Your task: Retype all entries exactly, skipping pictures.

The records:
========
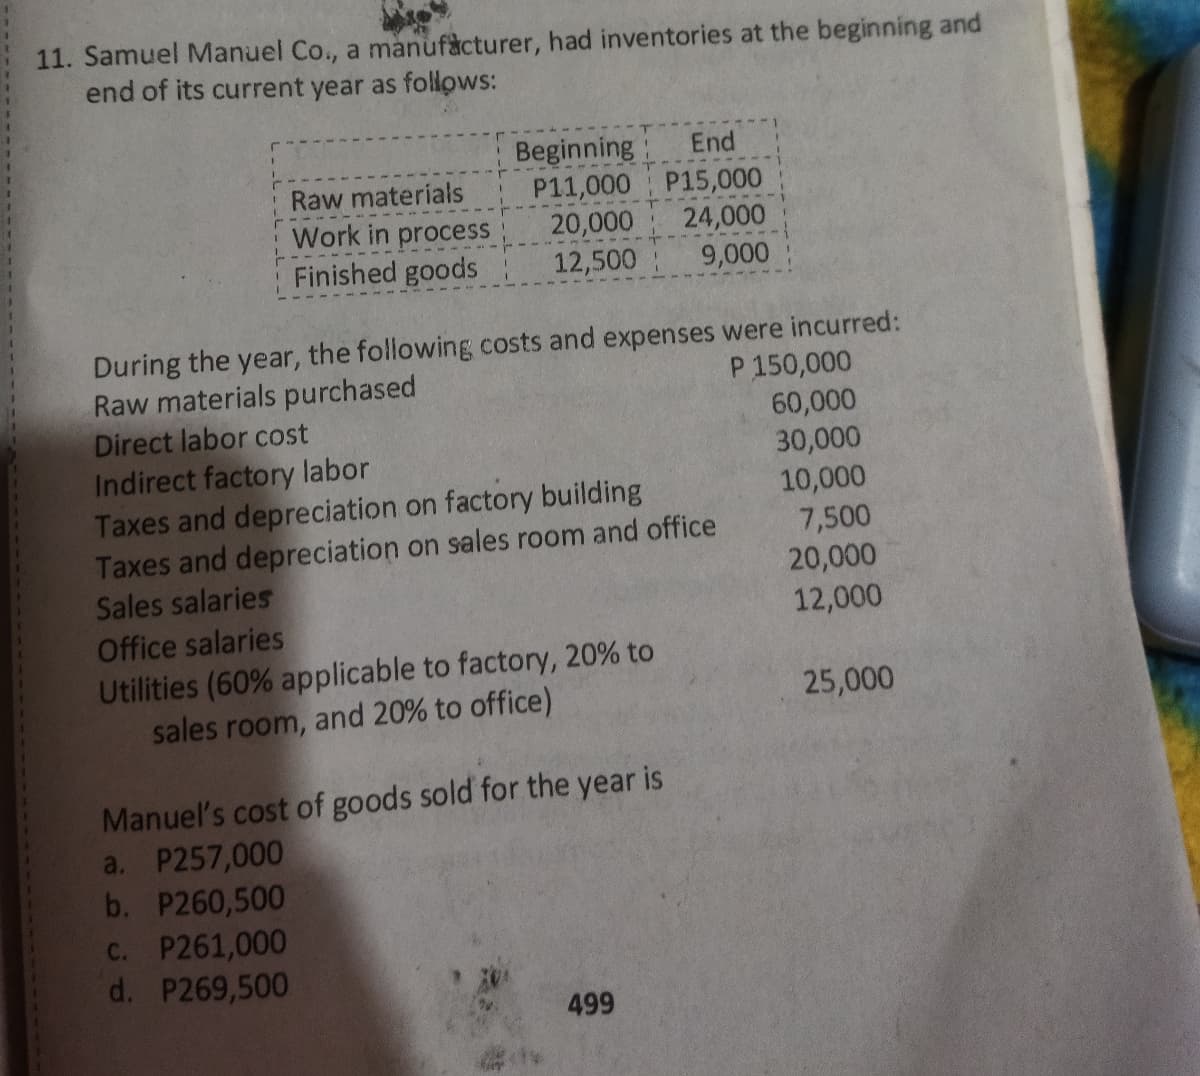 11. Samuel Manuel Co., a manufacturer, had inventories at the beginning and
end of its current year as follows:
Beginning
P11,000 P15,000
20,000
End
Raw materials
Work in process
Finished goods
24,000
12,500
9,000
During the year, the following costs and expenses were incurred:
Raw materials purchased
Direct labor cost
Indirect factory labor
Taxes and depreciation on factory building
Taxes and depreciation on sales room and office
Sales salaries
P 150,000
60,000
30,000
10,000
7,500
20,000
12,000
Office salaries
Utilities (60% applicable to factory, 20% to
sales room, and 20% to office)
25,000
Manuel's cost of goods sold for the year is
a. P257,000
b. P260,500
C. P261,000
d. P269,500
499
========
Task output:
 11. Samuel Manuel Co., a manufacturer, had inventories at the beginning and
end of its current year as follows:
Beginning
P11,000 P15,000
20,000
End
Raw materials
Work in process
Finished goods
24,000
12,500
9,000
During the year, the following costs and expenses were incurred:
Raw materials purchased
Direct labor cost
Indirect factory labor
Taxes and depreciation on factory building
Taxes and depreciation on sales room and office
Sales salaries
P 150,000
60,000
30,000
10,000
7,500
20,000
12,000
Office salaries
Utilities (60% applicable to factory, 20% to
sales room, and 20% to office)
25,000
Manuel's cost of goods sold for the year is
a. P257,000
b. P260,500
C. P261,000
d. P269,500
499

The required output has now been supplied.